Problem statement: Repeat the listing word for word. Leave every picture out.

*** Opening of The data ***

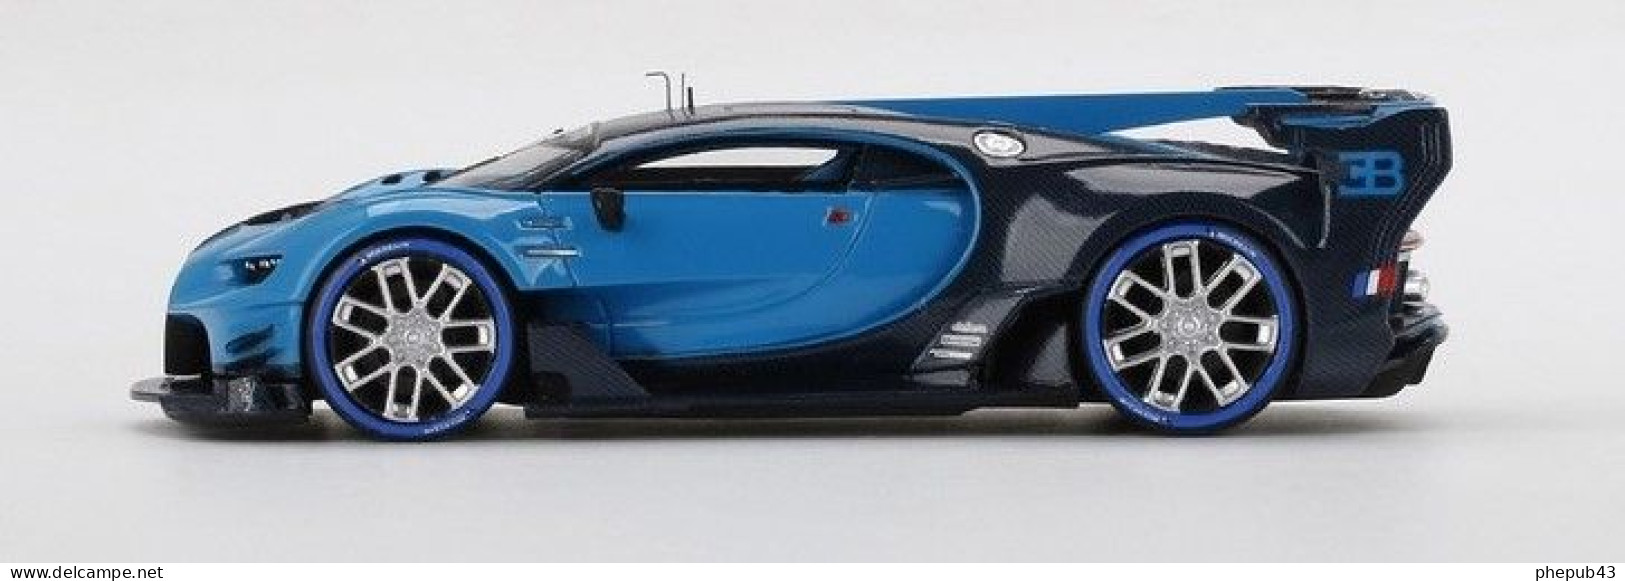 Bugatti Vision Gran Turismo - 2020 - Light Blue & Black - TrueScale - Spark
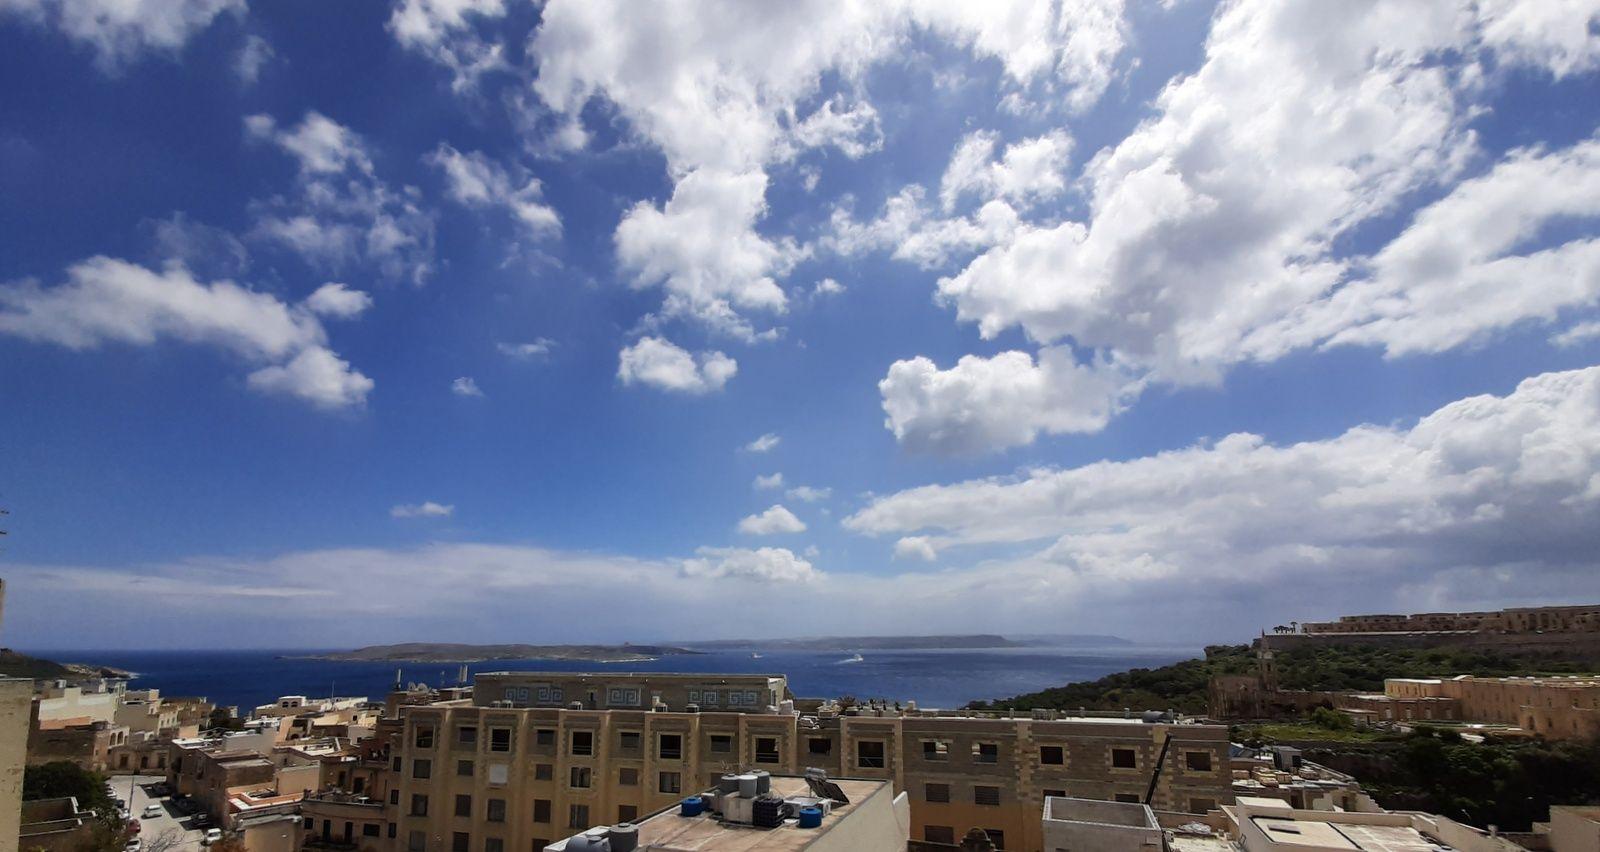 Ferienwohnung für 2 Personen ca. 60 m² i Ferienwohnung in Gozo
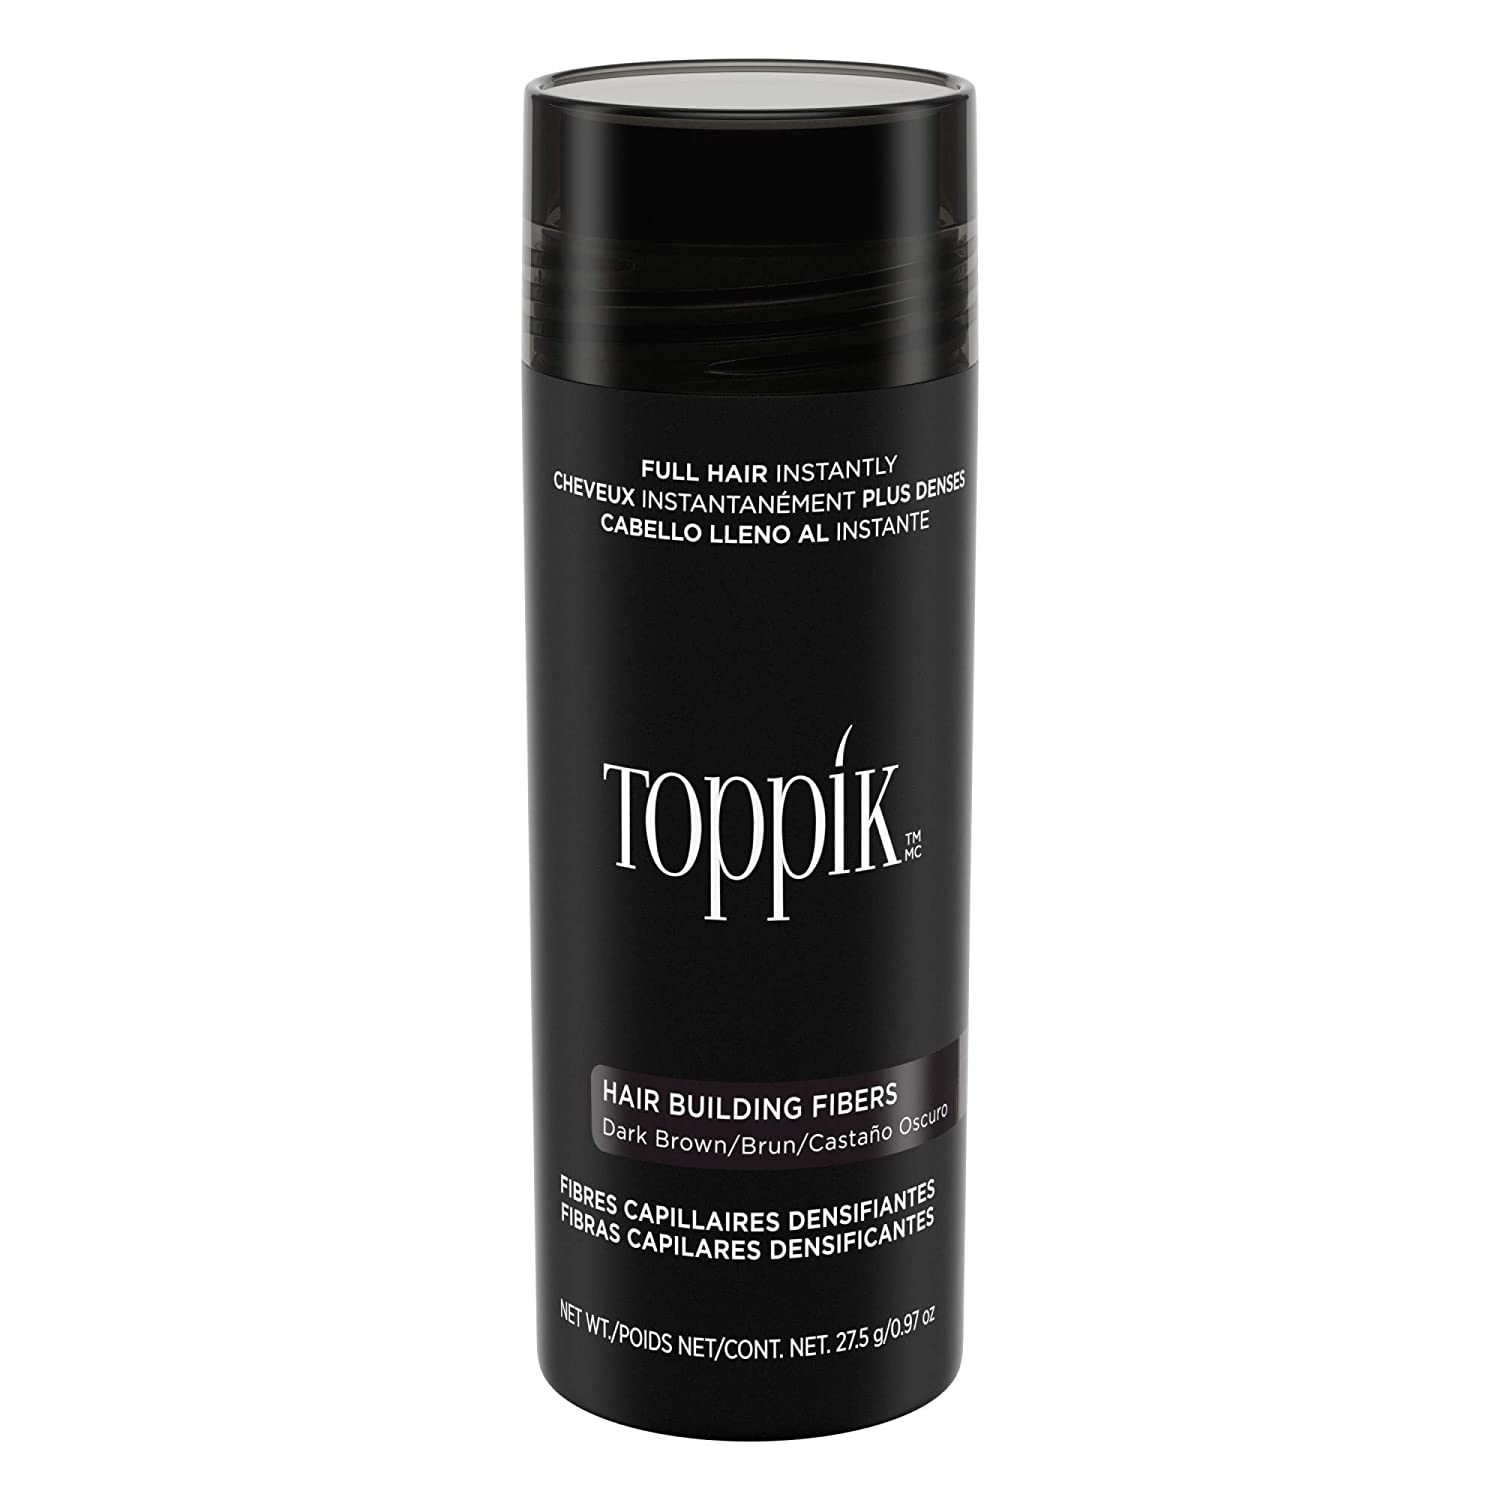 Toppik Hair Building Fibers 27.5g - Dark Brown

*** Close of The data ***

Finished exercise:
 Bugatti Vision Gran Turismo - 2020 - Light Blue & Black - TrueScale - Spark
 Ferienwohnung für 2 Personen ca. 60 m² i Ferienwohnung in Gozo
 Toppik Hair Building Fibers 27.5g - Dark Brown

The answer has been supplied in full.